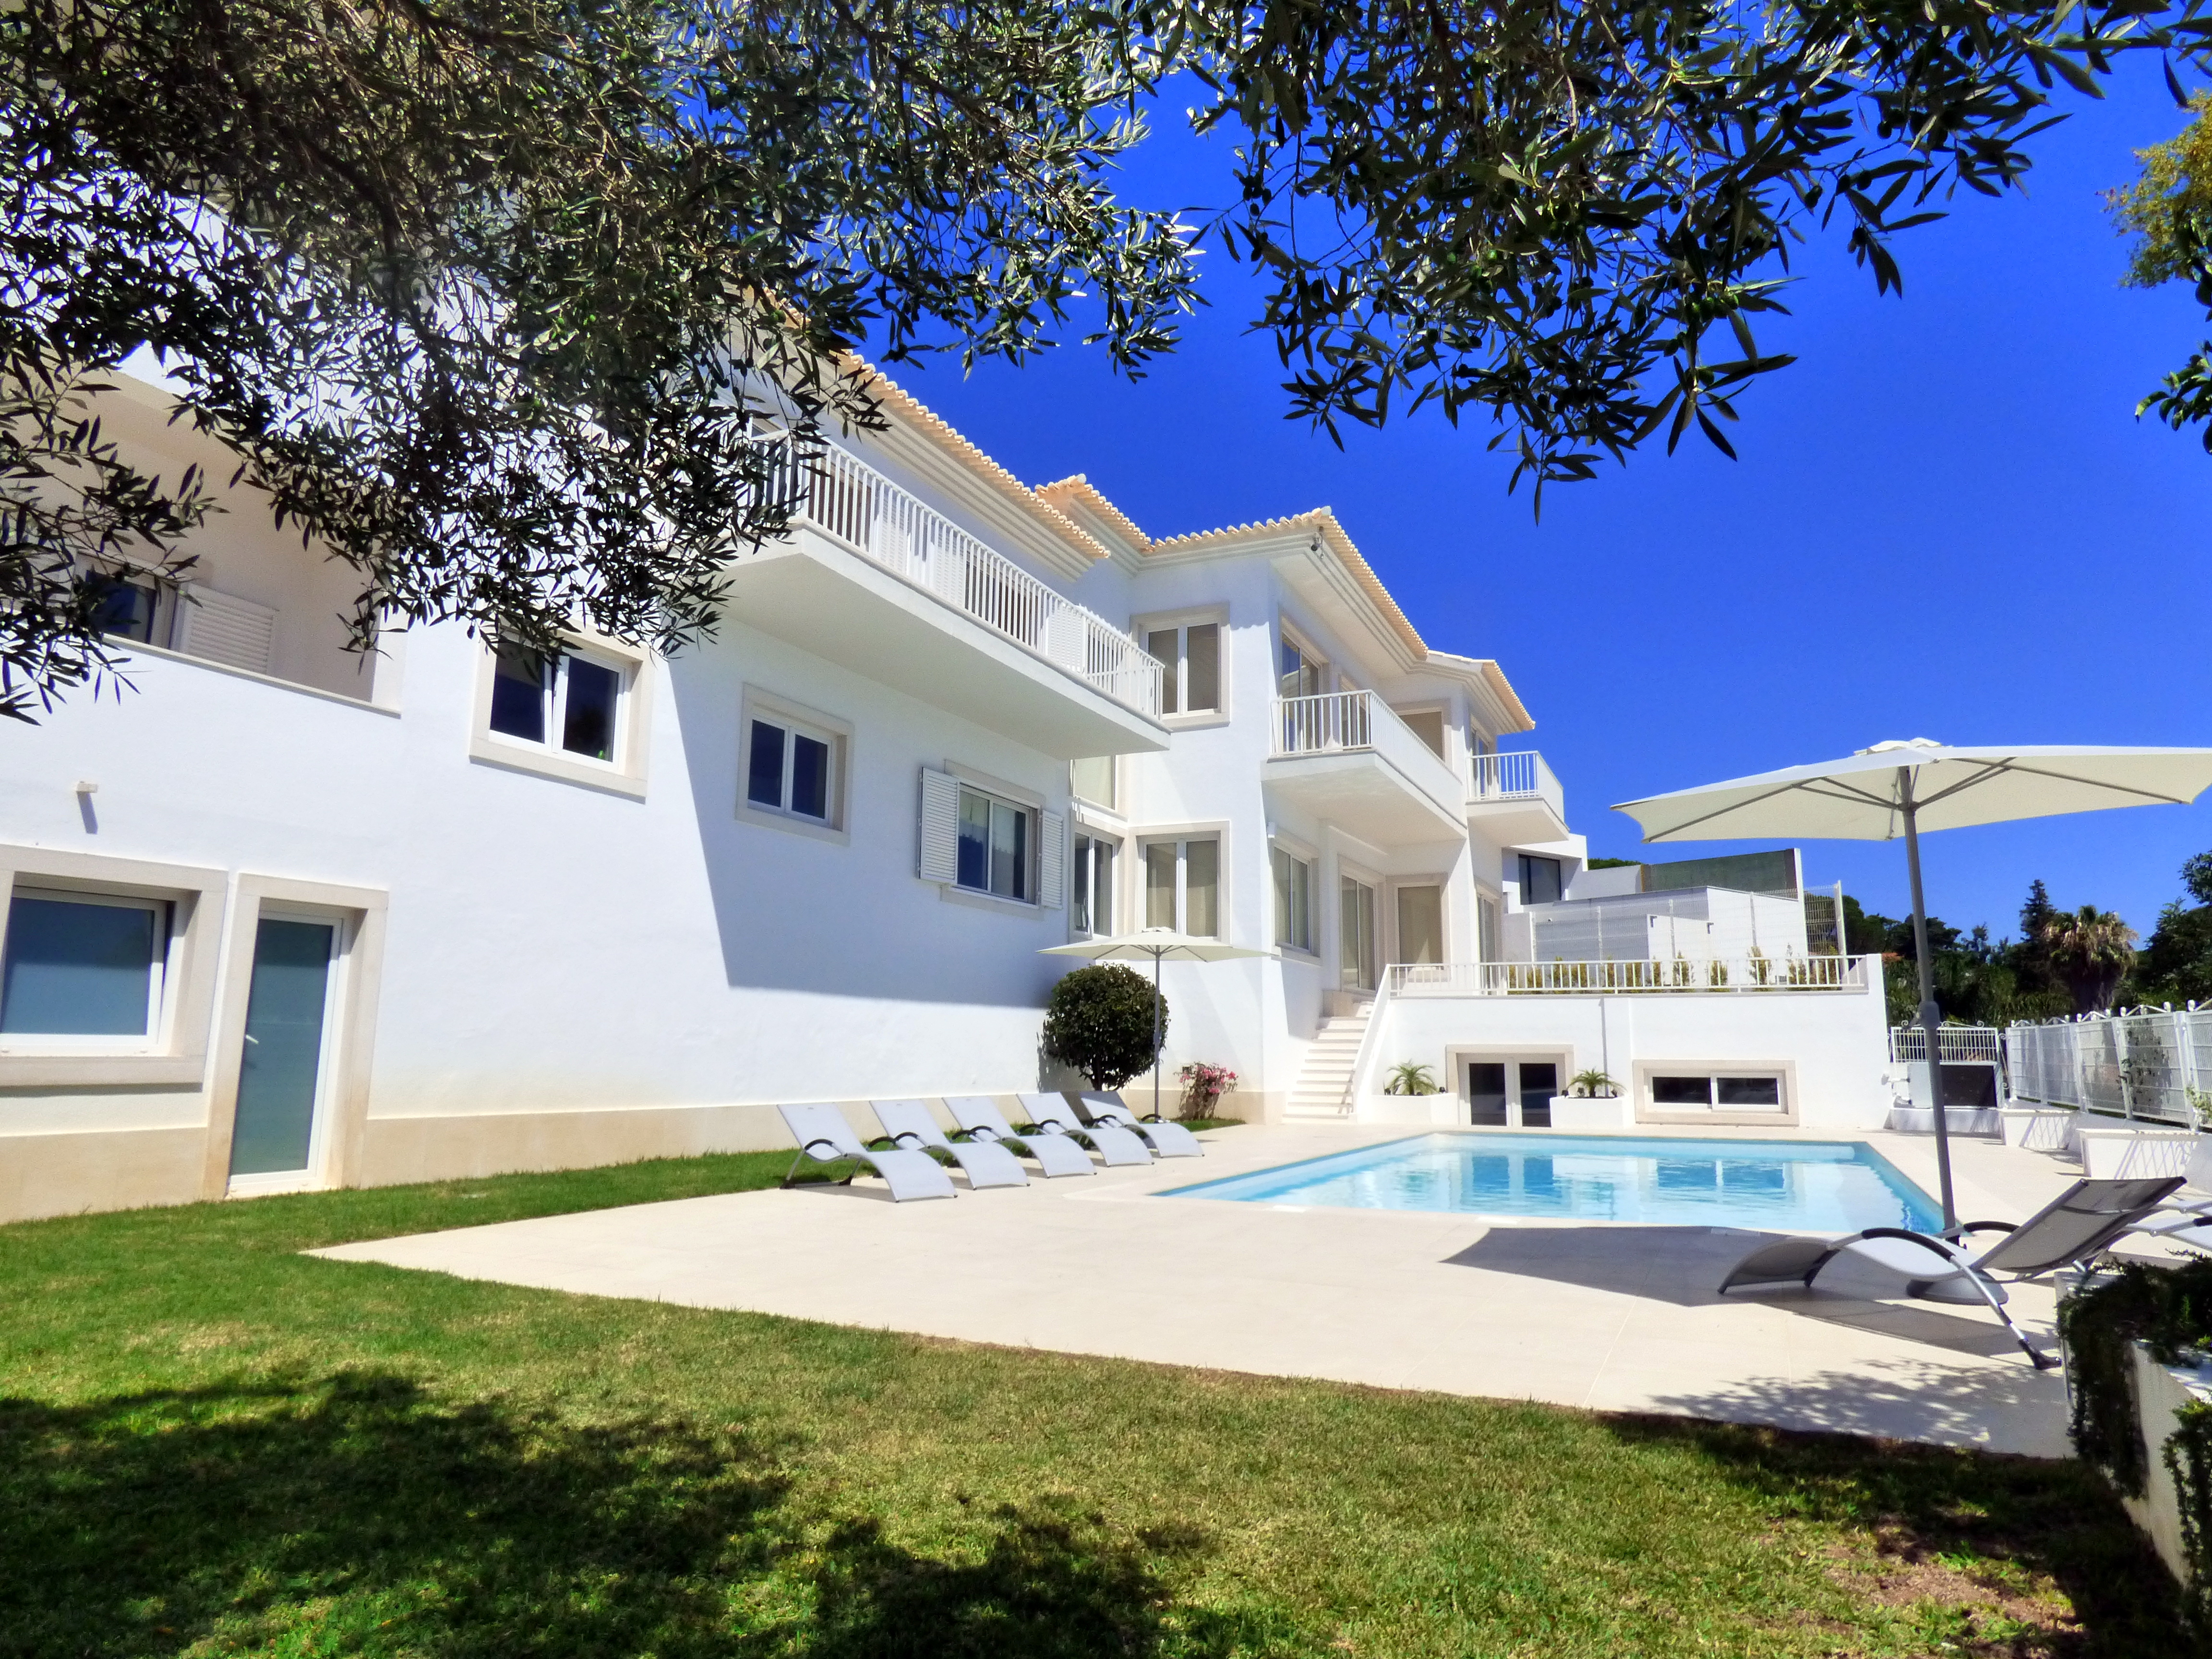 Villa da Luz – Luxury villa with private pool in Estoril
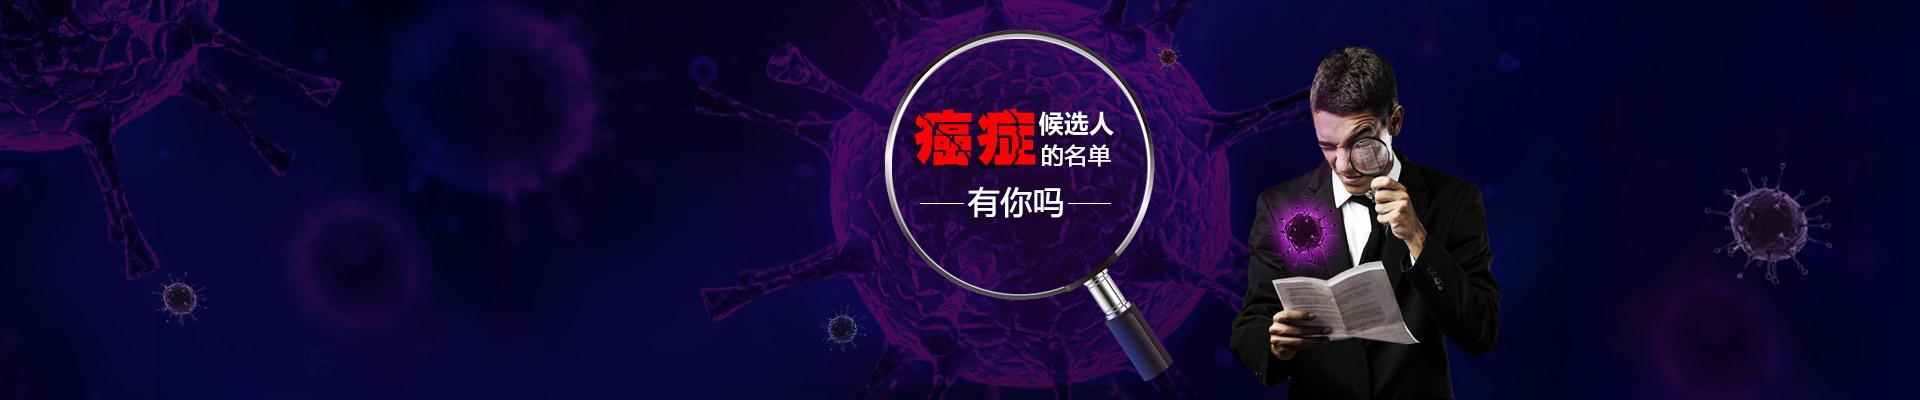 科学防癌,鉴别癌症的早期征兆
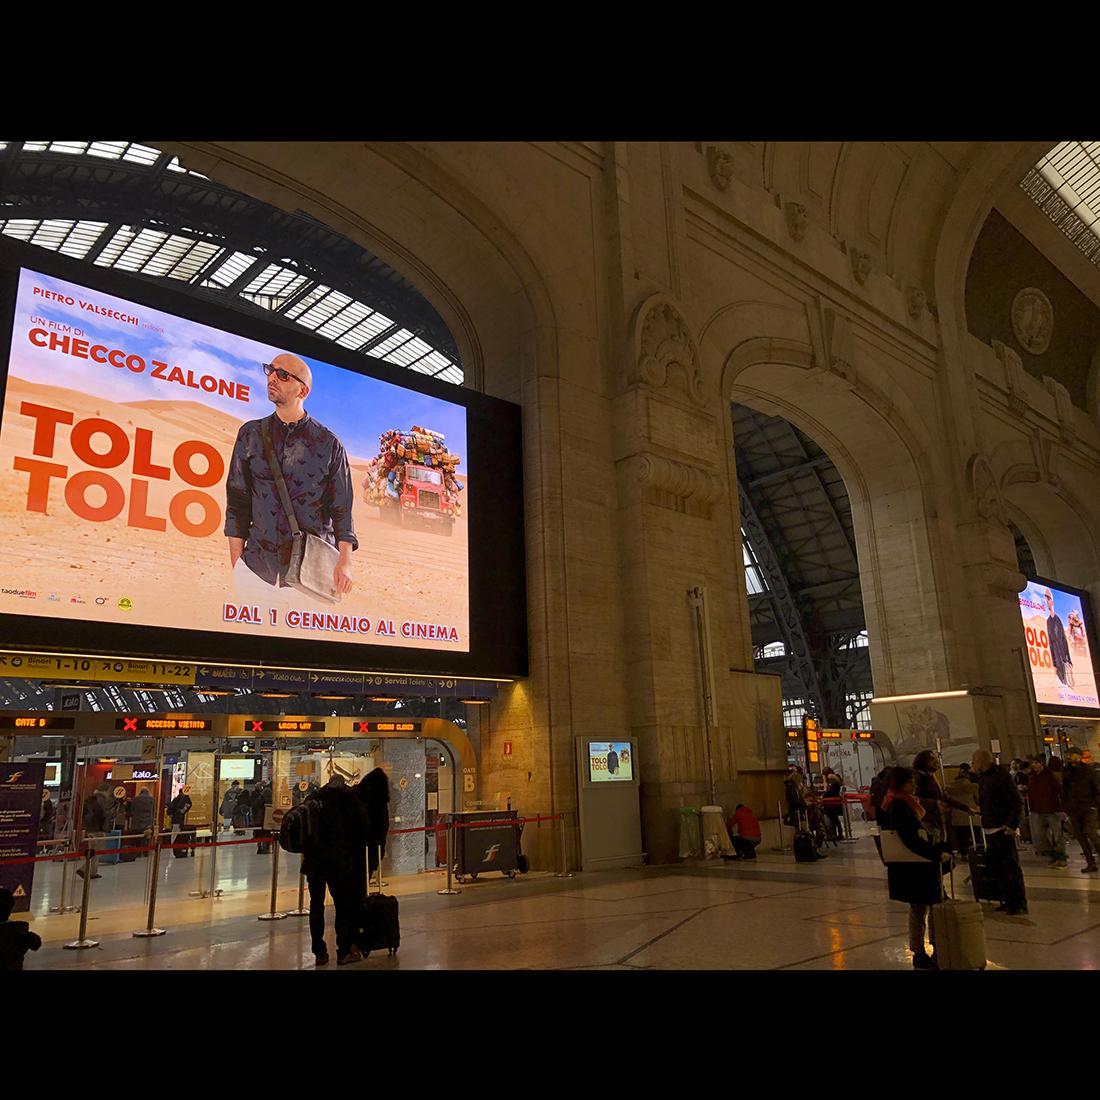 tolo_tolo_stazione
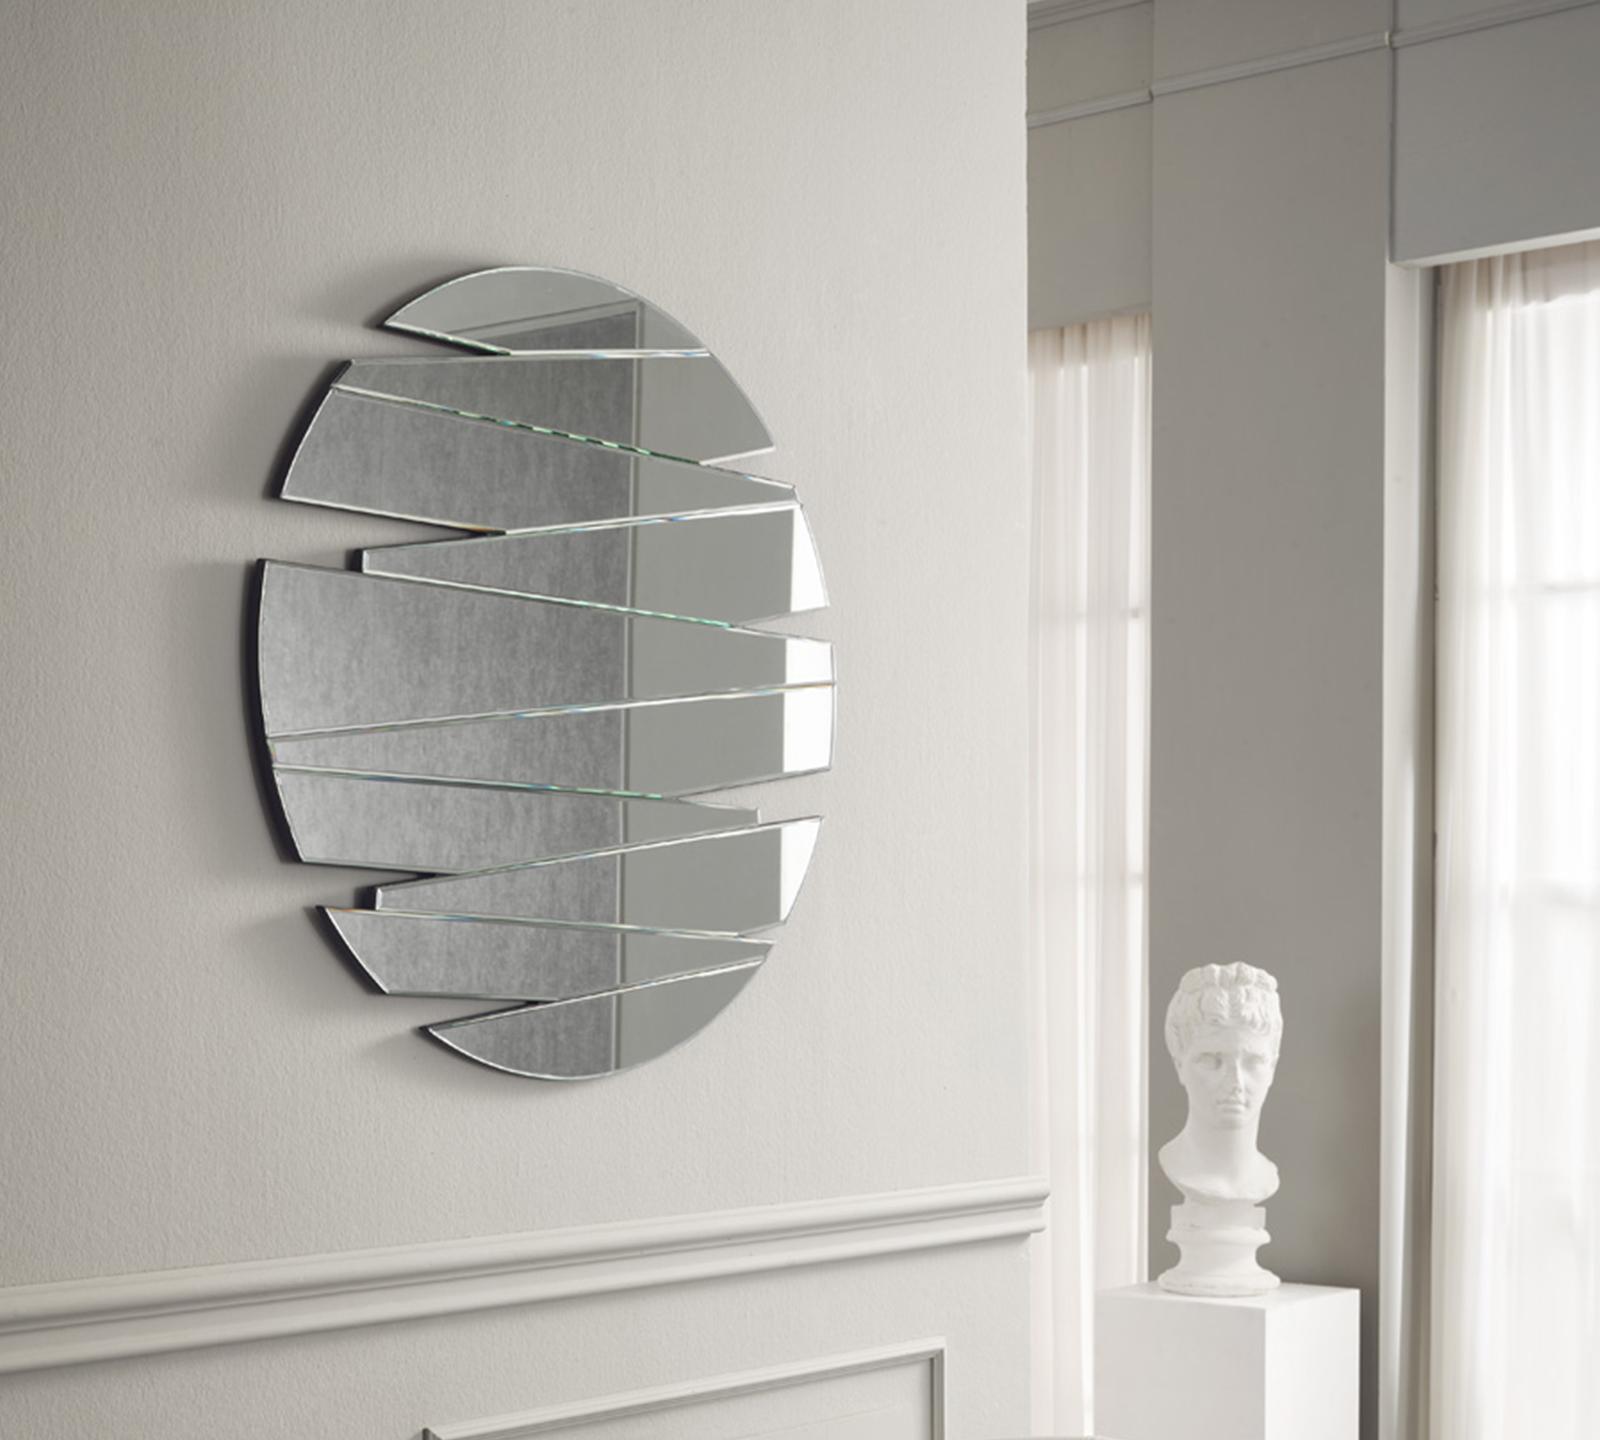 Specchio sp 021 duzzle - Specchio parete ikea ...

▶ Work task:
Could you retype each line of the material above exactly, skipping the pictures?

▶ Problem solution:
 Villa da Luz – Luxury villa with private pool in Estoril
 科学防癌,鉴别癌症的早期征兆
 tolo_tolo_stazione
 Specchio sp 021 duzzle - Specchio parete ikea ...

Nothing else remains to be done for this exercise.